▶ [ABOUT THIS TASK] Exact wording is required: give all the records again, minus the pictures.

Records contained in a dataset
• • • • •

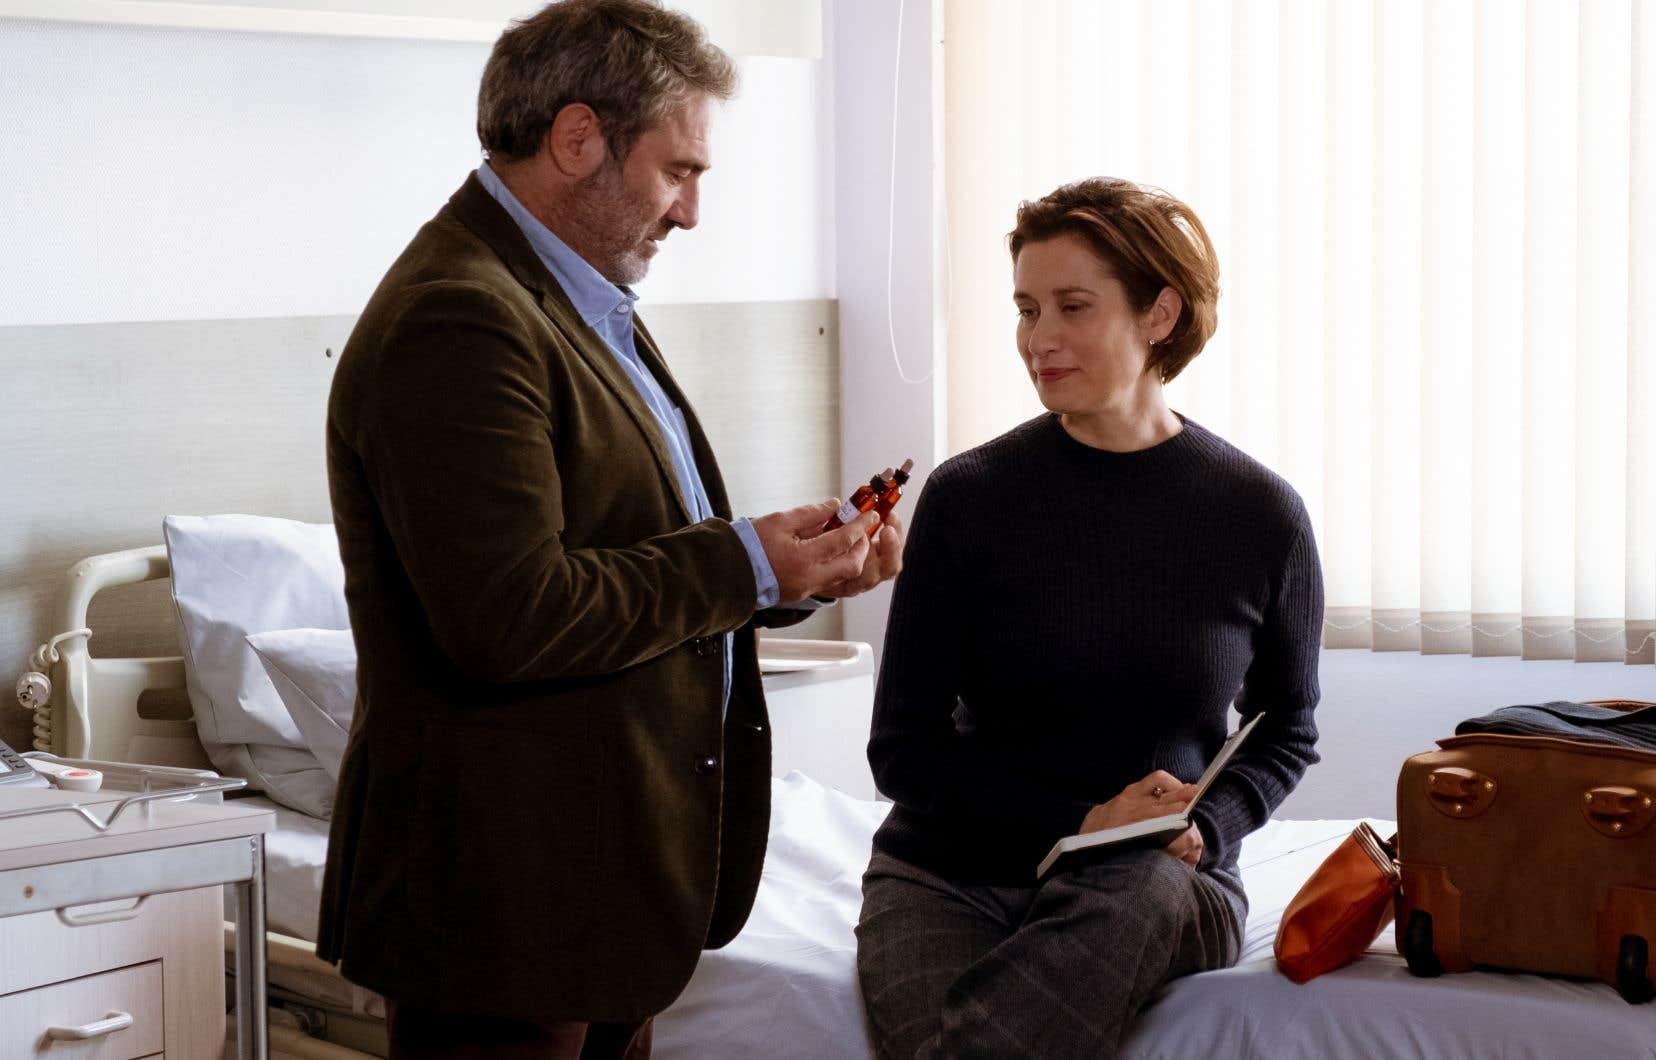 Dans le film «Les parfums», tout se déroule sans tambour ni trompette, tant dans le drame que lorsqu'au détour d'une scène émerge un moment d'humour.
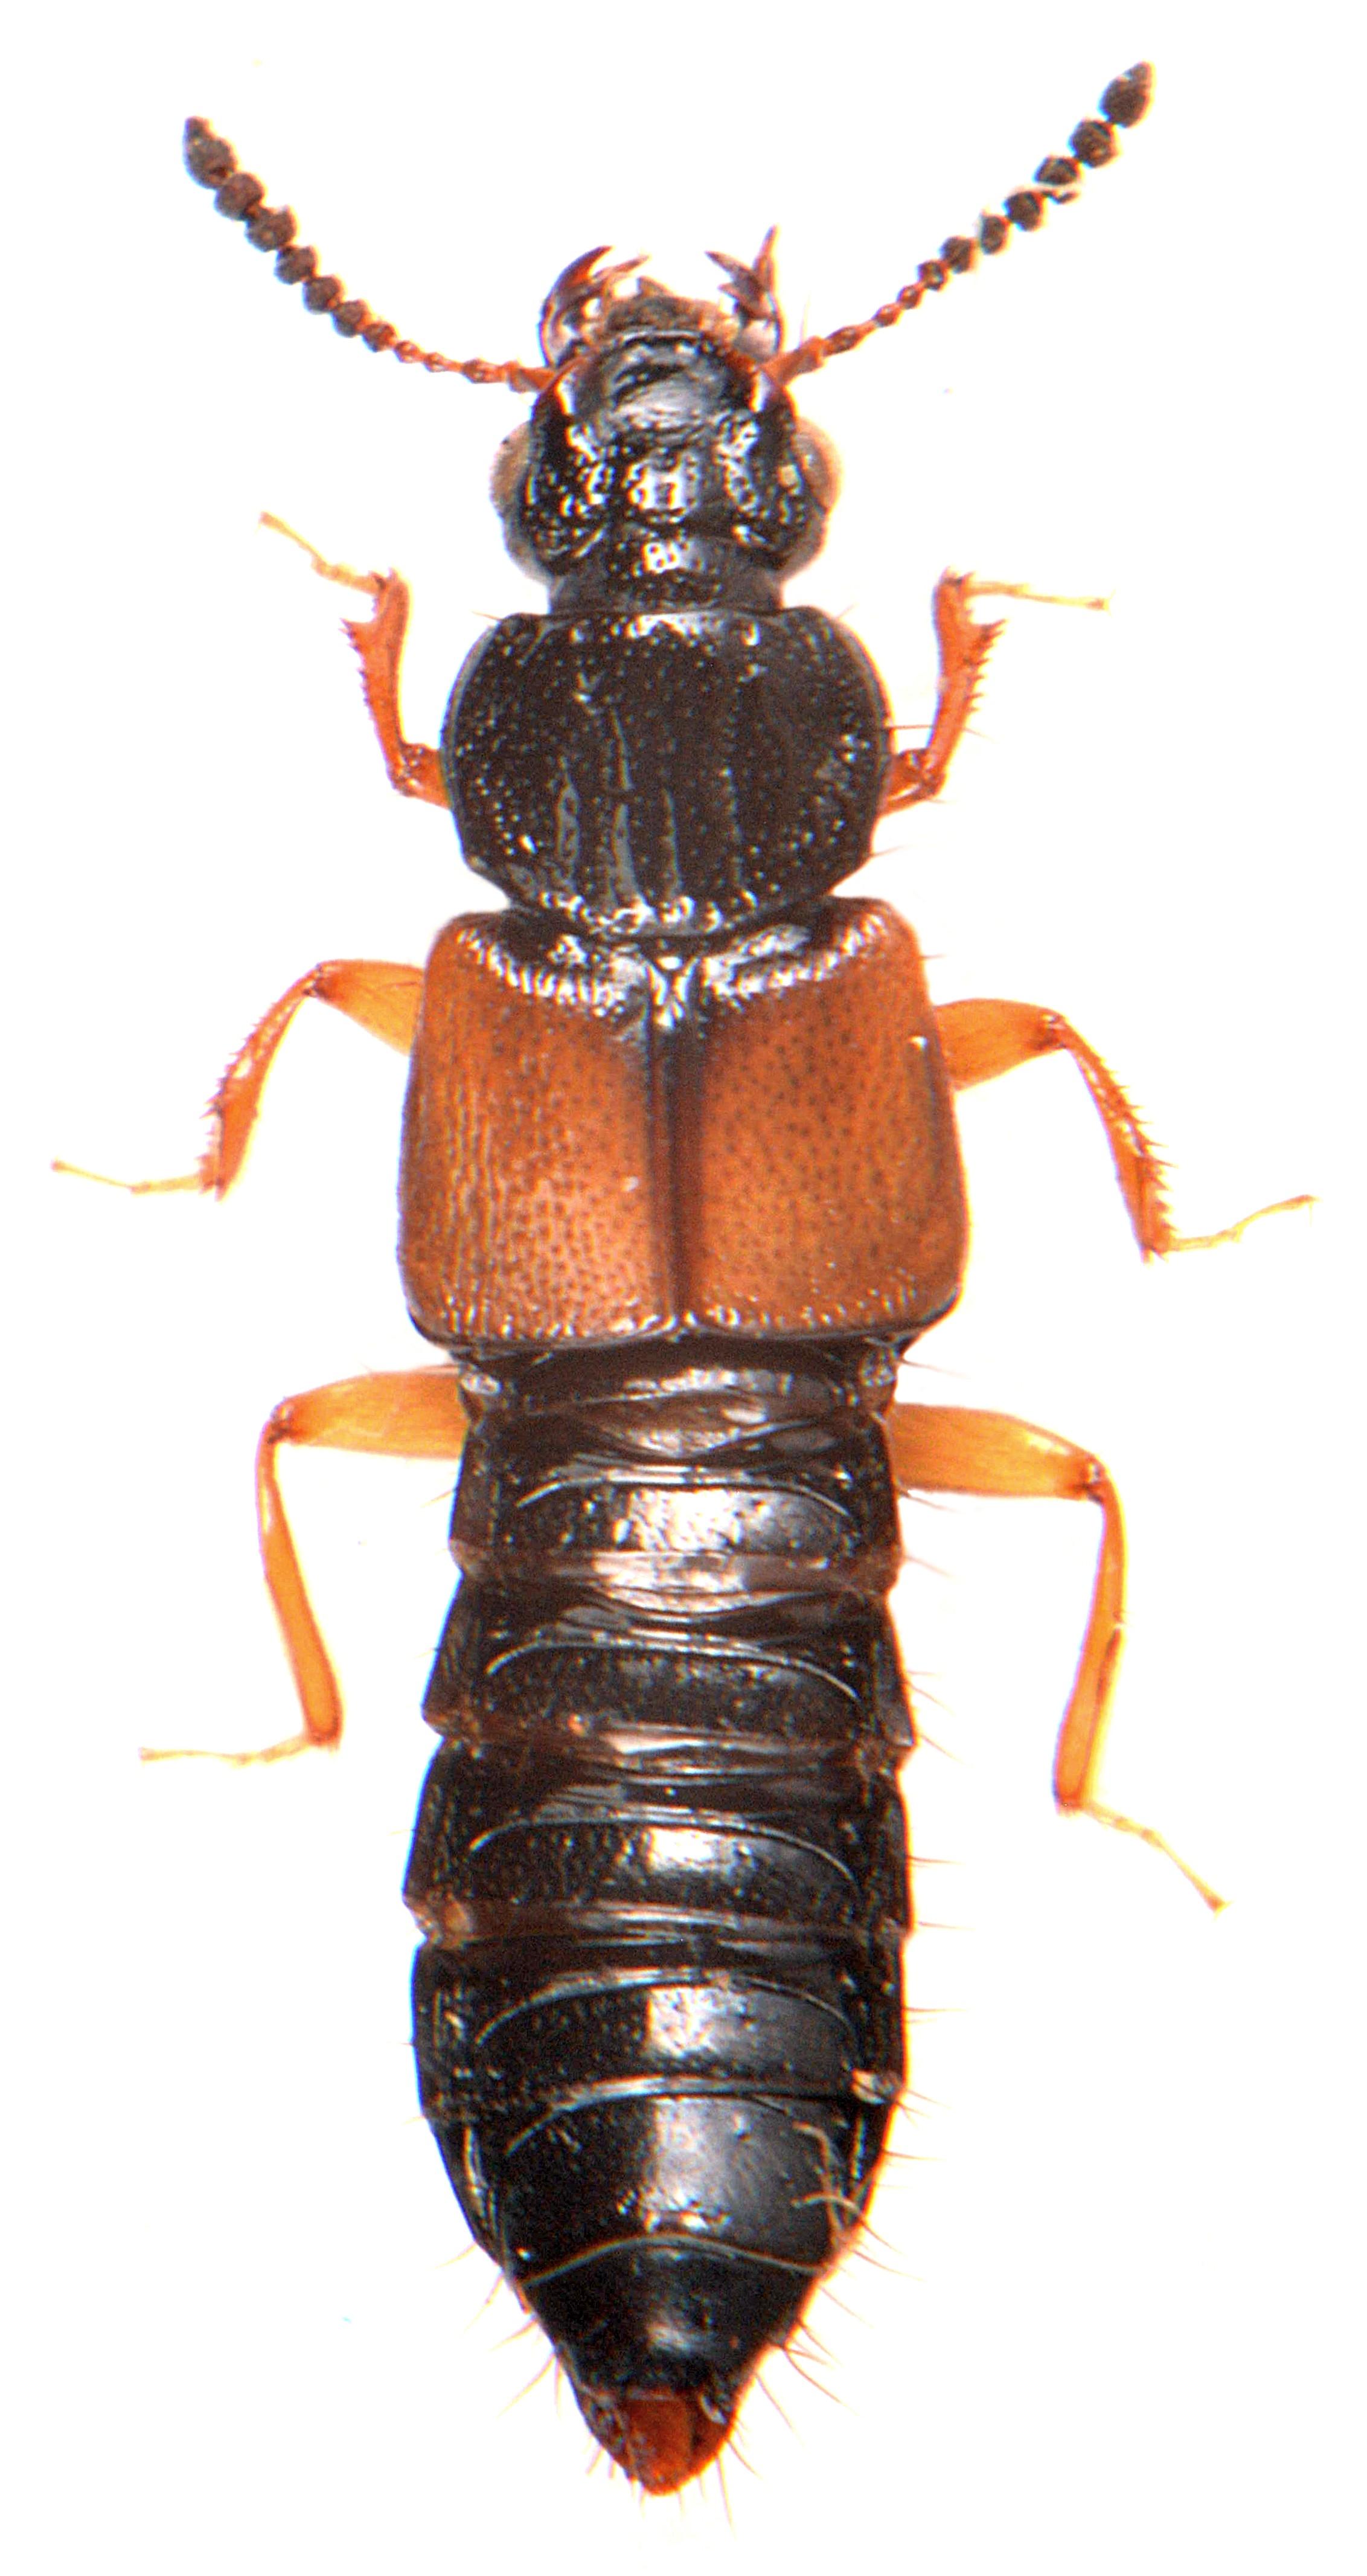 Oxytelus laqueatus 1
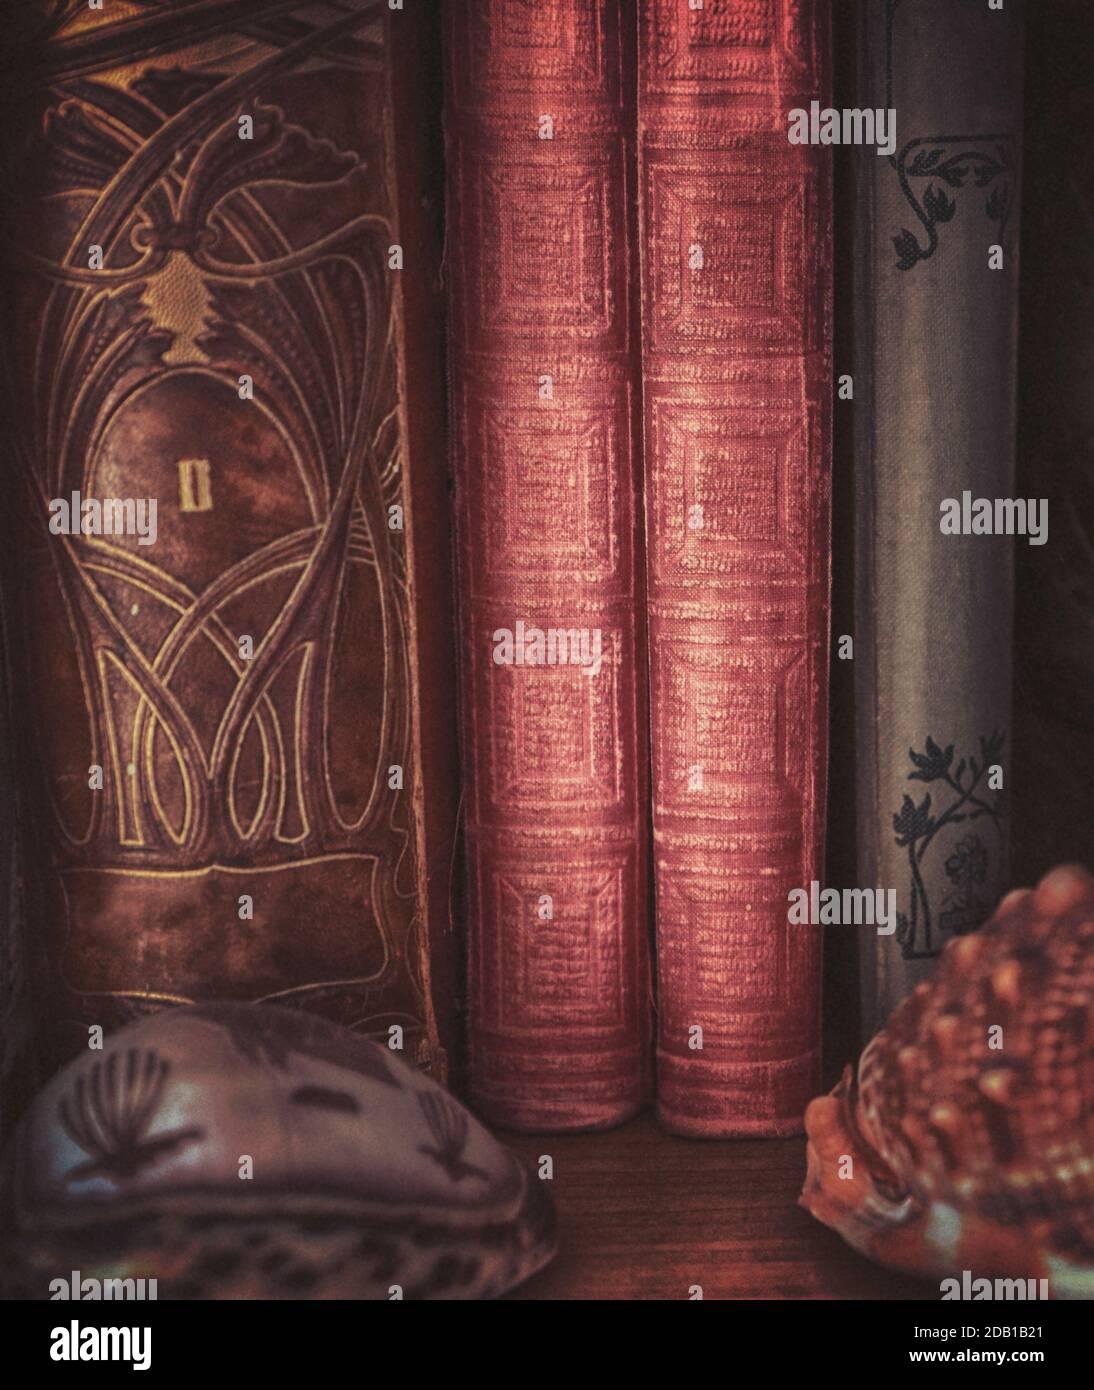 Encore la vie : des livres anciens sur une étagère et des coquilles décoratives Banque D'Images
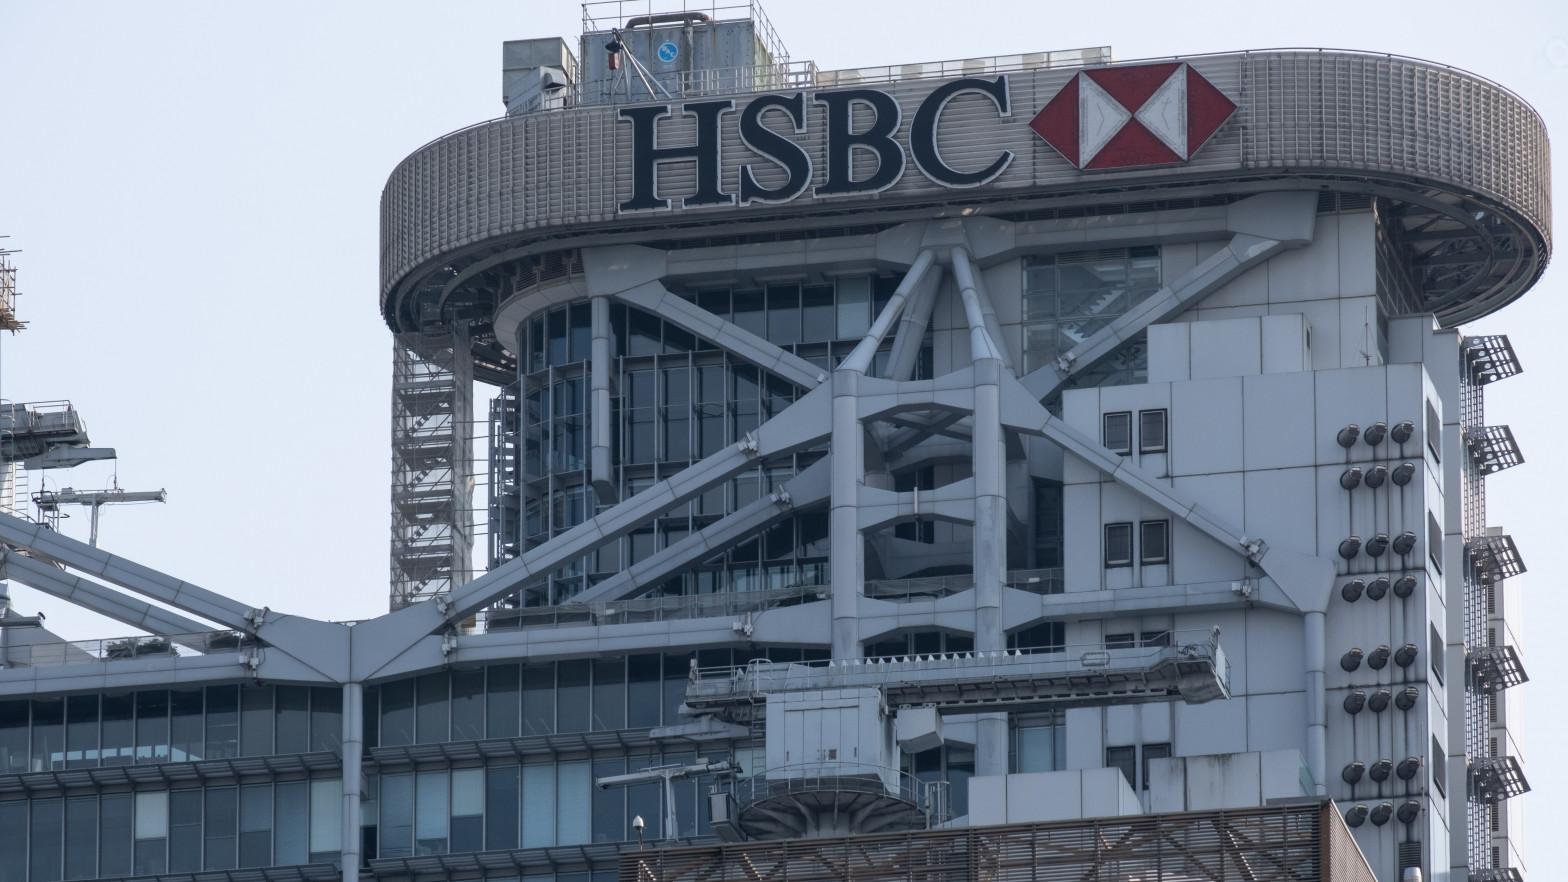 El mayor banco de Europa, HSBC, gana un 117 % más en el primer trimestre
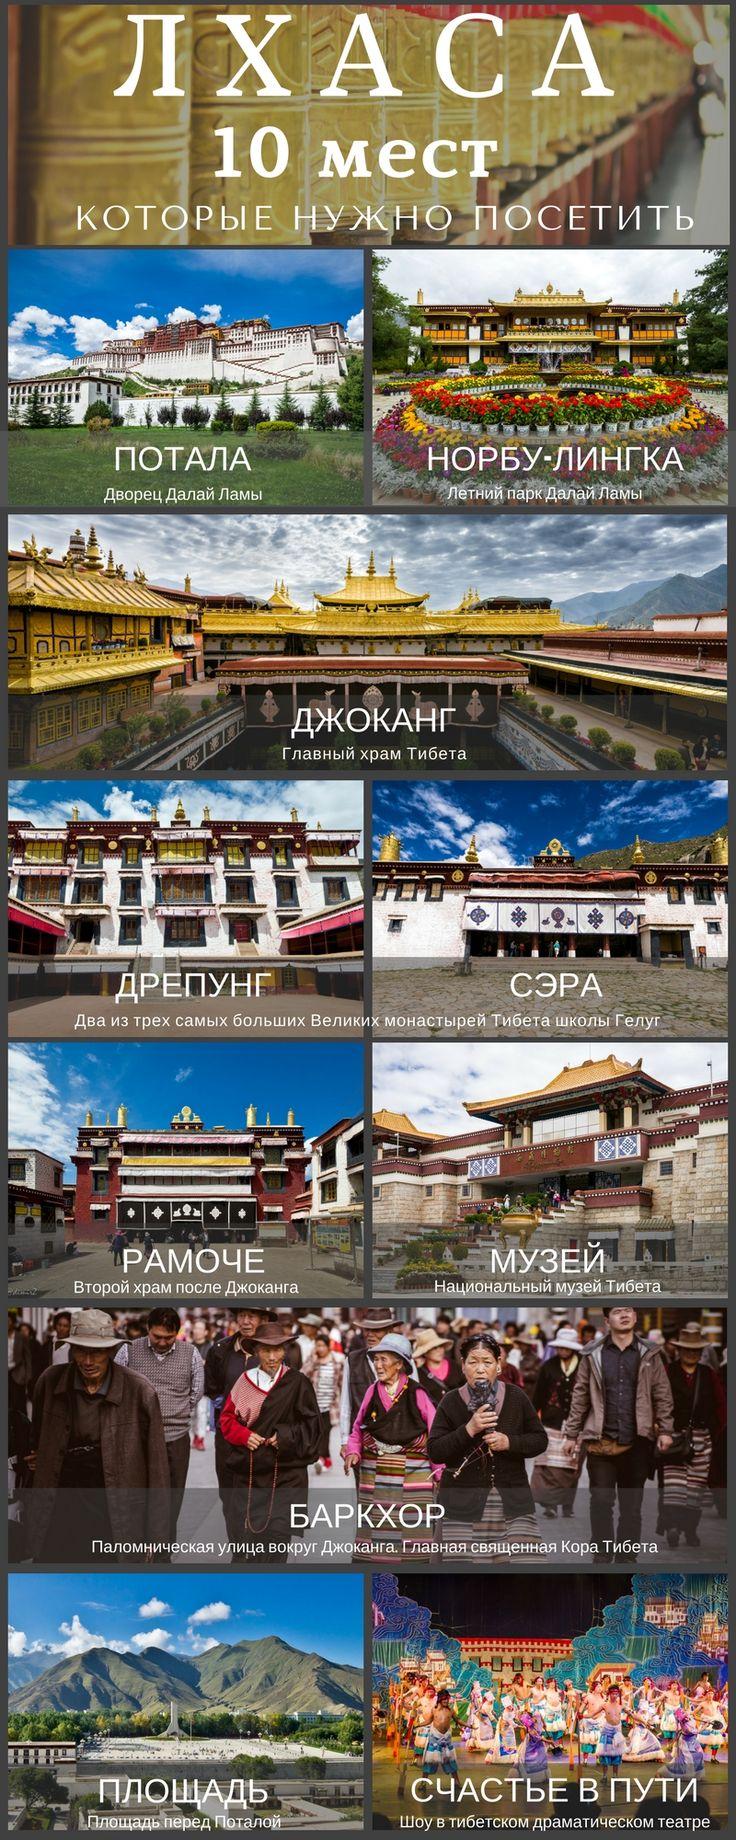 10 мест в Лхасе, которые нужно посетить. Главные достопримечательности. #vladimirzhoga #тибет #путешествия #лхаса

• • • • •

▶ [ANSWER SPACE]
 Dans le film «Les parfums», tout se déroule sans tambour ni trompette, tant dans le drame que lorsqu'au détour d'une scène émerge un moment d'humour.
 Oxytelus laqueatus 1
 Encore la vie : des livres anciens sur une étagère et des coquilles décoratives Banque D'Images
 El mayor banco de Europa, HSBC, gana un 117 % más en el primer trimestre
 10 мест в Лхасе, которые нужно посетить. Главные достопримечательности. #vladimirzhoga #тибет #путешествия #лхаса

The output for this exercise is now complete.